Our style guide rules are based on the Google's Java Style Guide. However, any rule mentioned below overrides the one in the Google style guide.

Wrapping

  • All code should be wrapped at 100 characters.
  • Code goes to the end of the line before wrapping to the next line.
  • However, if it improves readability, code can be wrapped early, for instance, in complex if expressions and method calls.
  • When wrapping method calls, the dot operator, or the opening bracket should be placed in the preceding line.

Blocks

  • All blocks should be enclosed within curly braces, including single line if or loop statements.
  • Curly braces for empty blocks should be placed in the same line as the declaration: class Graphflow {}.

Git Style Guide

Commit Messages

  • Use the present tense ("Add feature" not "Added feature").
  • Use the imperative mood ("Move cursor to..." not "Moves cursor to...").
  • Limit the first line to 72 characters or less.

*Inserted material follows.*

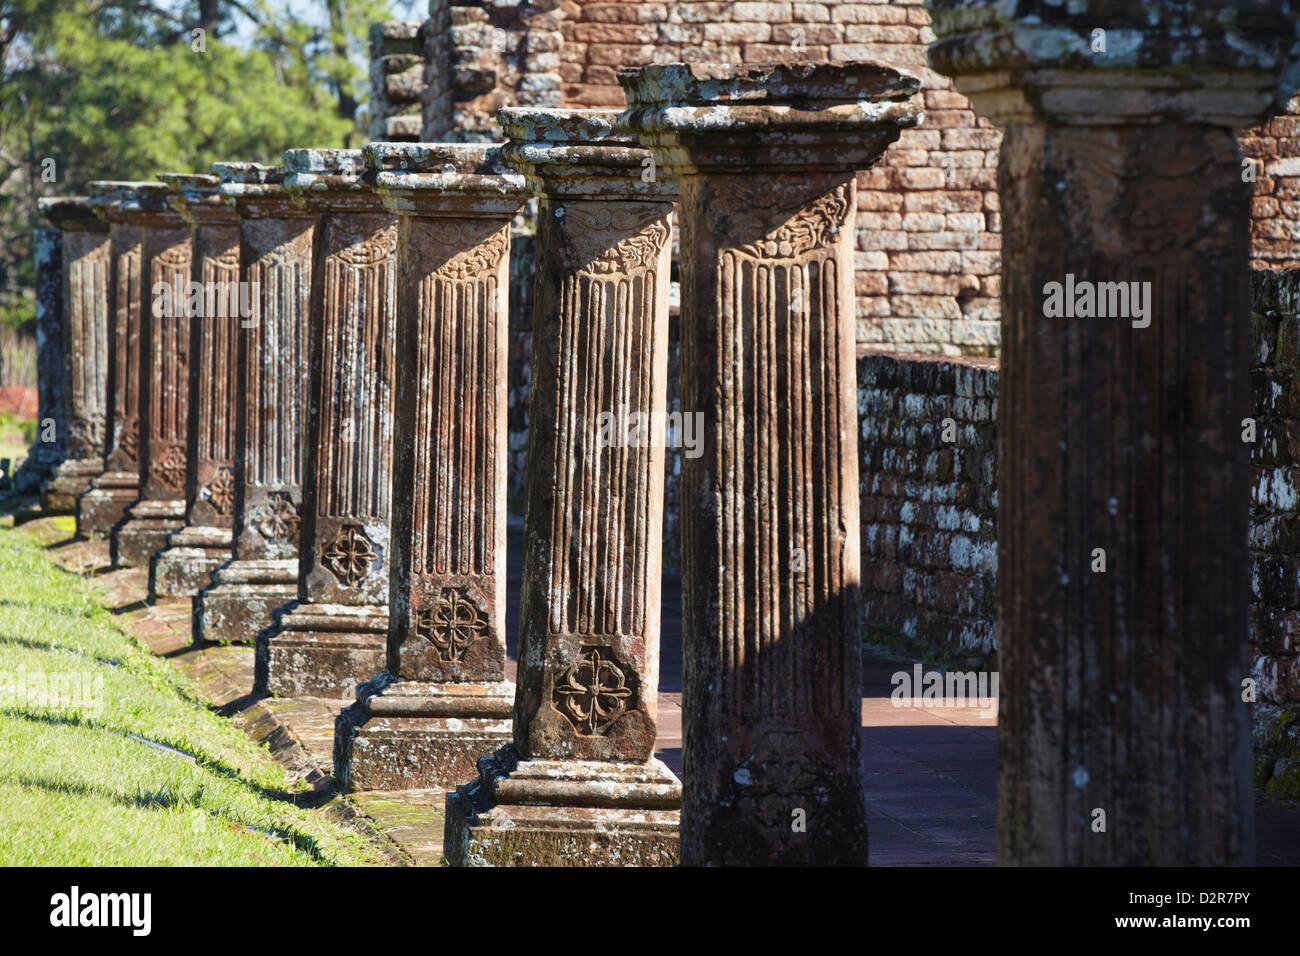 Ruins of Jesuit mission at Trinidad (La Santisima Trinidad de Parana), Parana Plateau, Paraguay - Stock Image
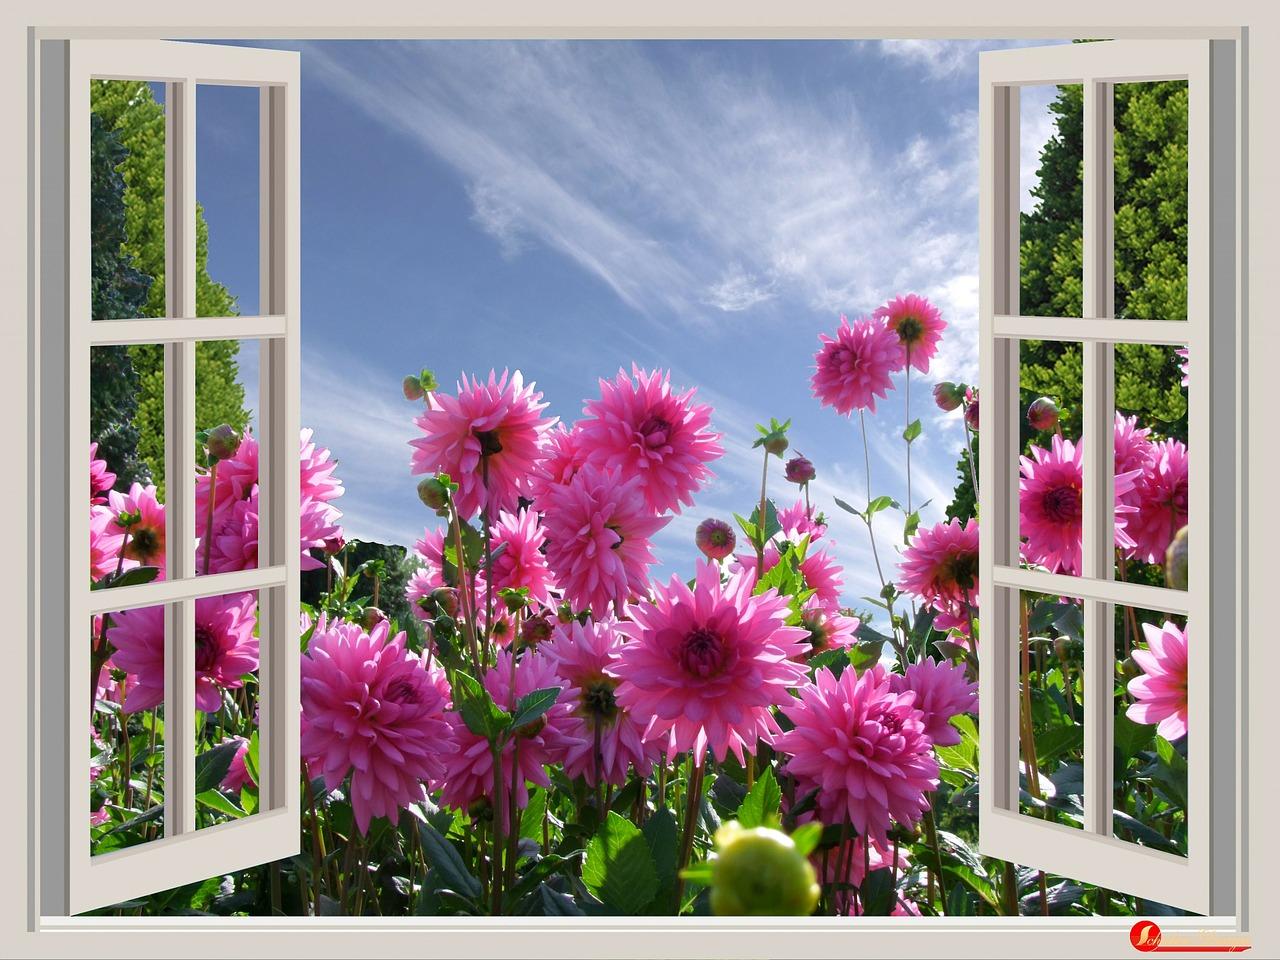 a-beautiful-day-174599_1280

A good mnemonic for writing the first line of the commit message is to complete the sentence: This commit will ______.

Development

  • Always create a new branch on top of master corresponding to a new feature or change.
    git checkout master
    git checkout -b new-feature
  • If you are working on a forked repository, you can use the master branch to add commits and send pull requests. However, it is recommended that you use feature branches, and use the master branch to keep in sync with new commits upstream.
  • Always keep the feature branch rebased on top of master.
    git rebase master new-feature
  • Feature branches are always merged to master using a new merge commit, as opposed to using fast forward merges.

Practices derived from Keep a readable Git history.